Take the records below and set down exactly the lines from the one with "the entryway Doria Pamphilj gallery" to the one with "A vagabond in New York", ends included; do not copy the pictures.

• DATA EXTRACTS:
---

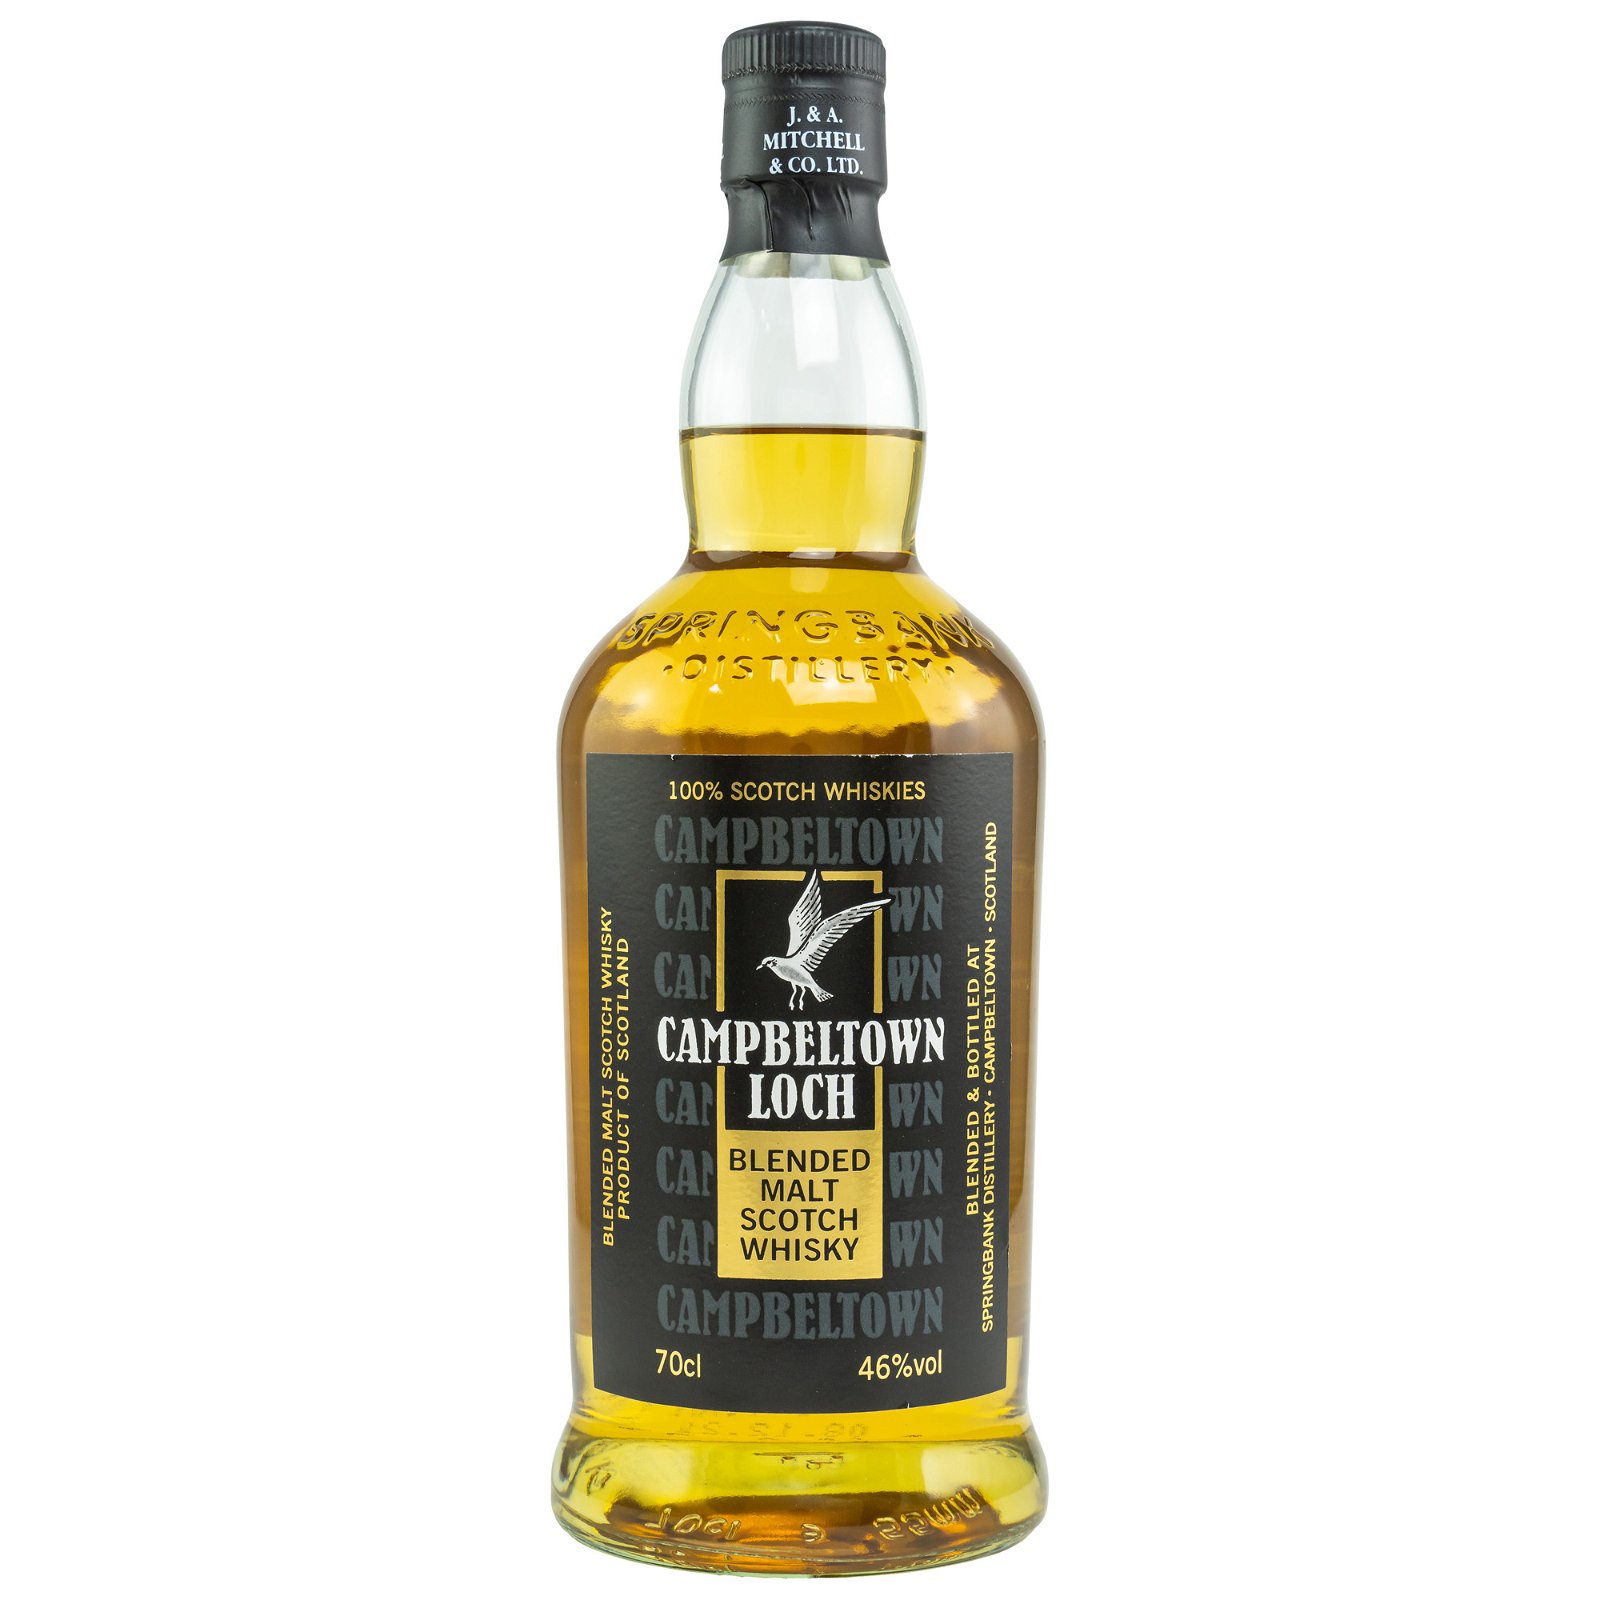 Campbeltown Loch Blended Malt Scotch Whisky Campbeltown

---

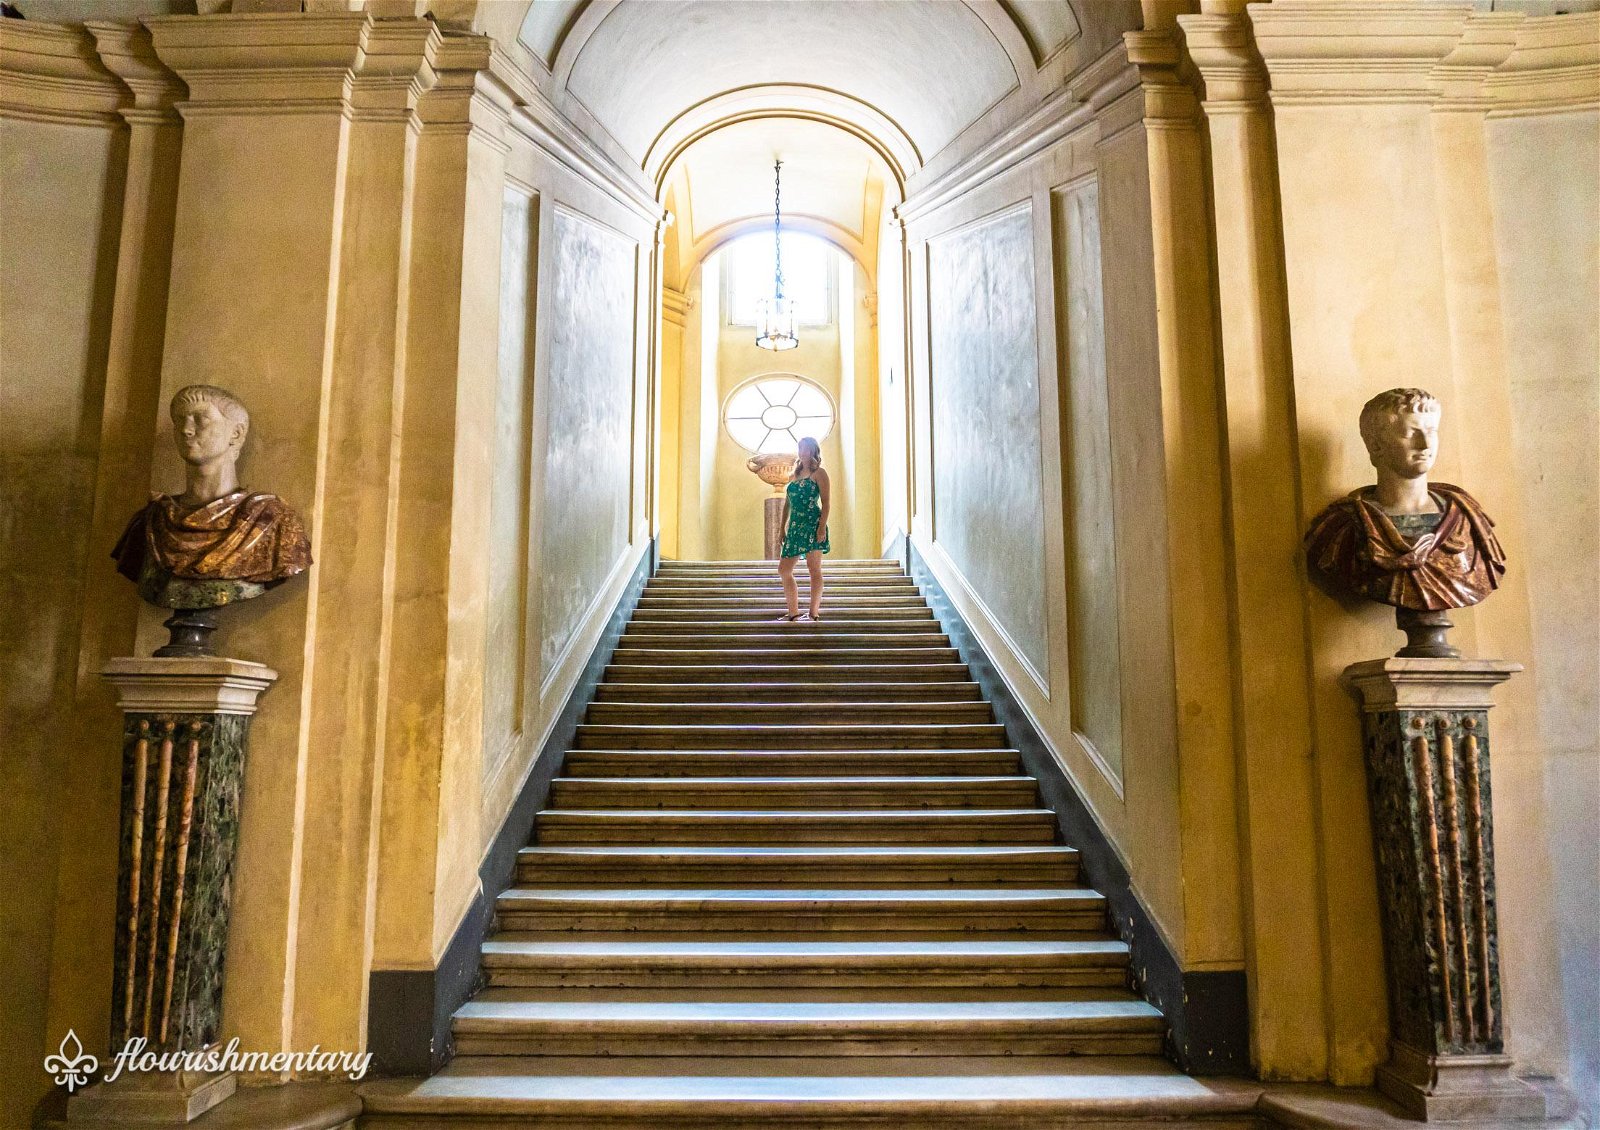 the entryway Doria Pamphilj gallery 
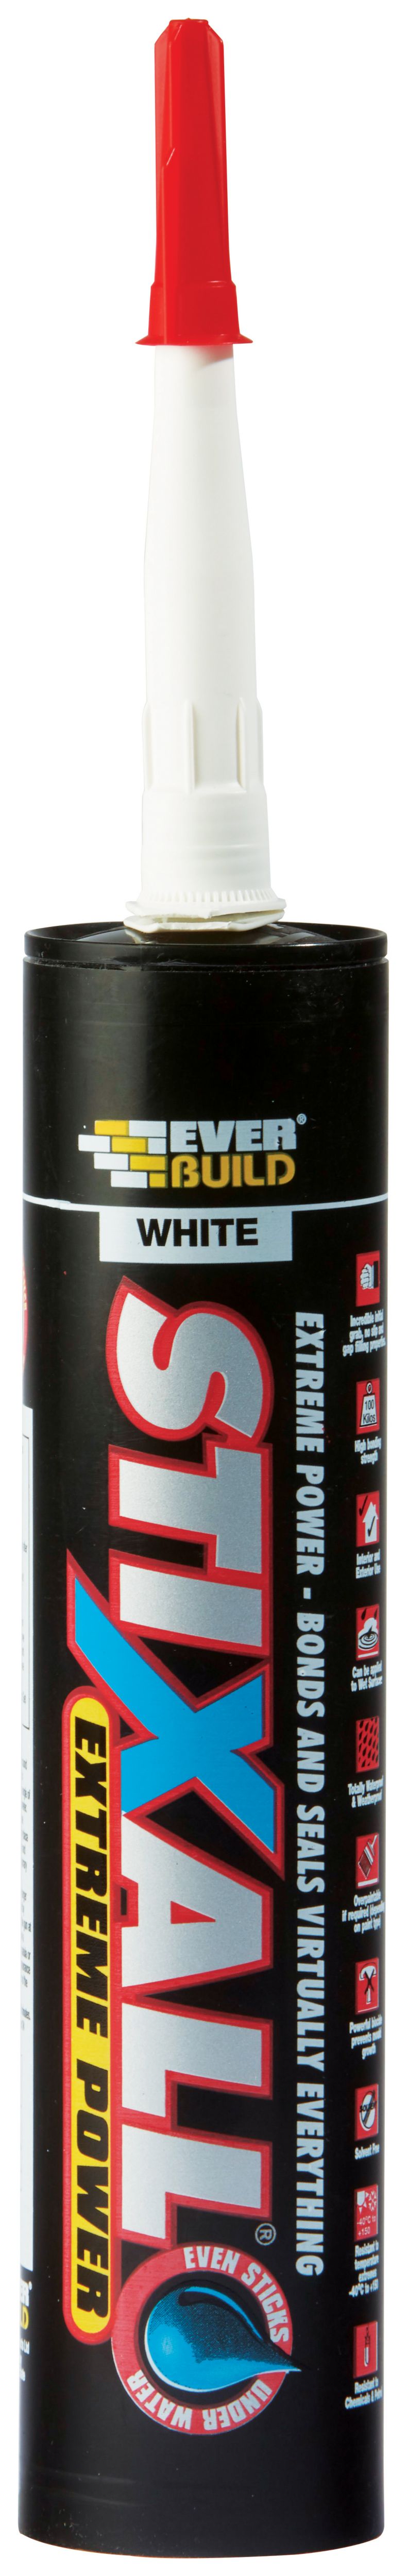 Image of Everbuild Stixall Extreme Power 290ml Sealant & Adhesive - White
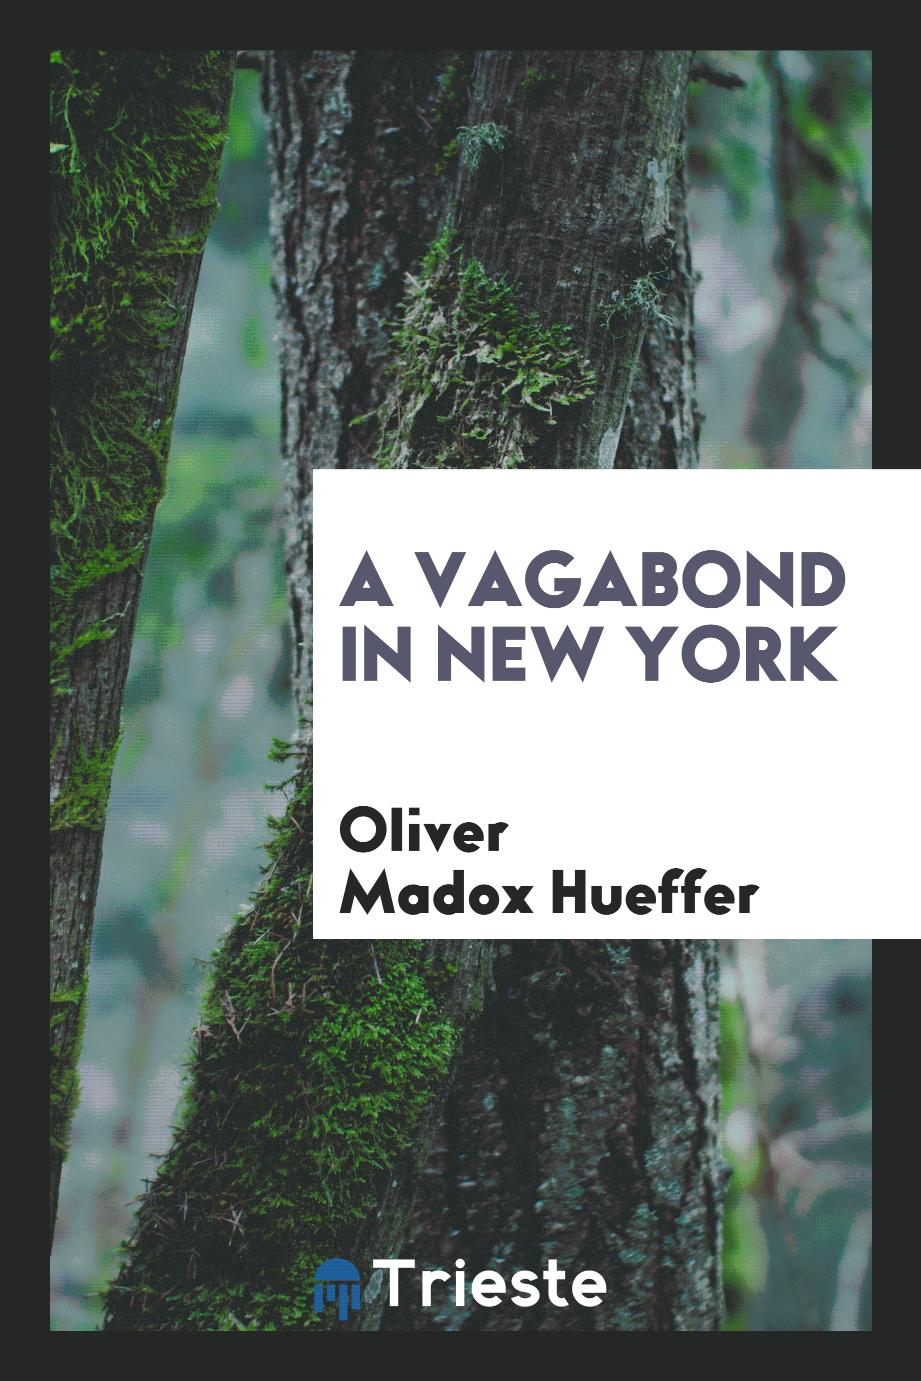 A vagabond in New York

---

• FINAL ANSWER:
 the entryway Doria Pamphilj gallery 
 Image of Everbuild Stixall Extreme Power 290ml Sealant & Adhesive - White
 A vagabond in New York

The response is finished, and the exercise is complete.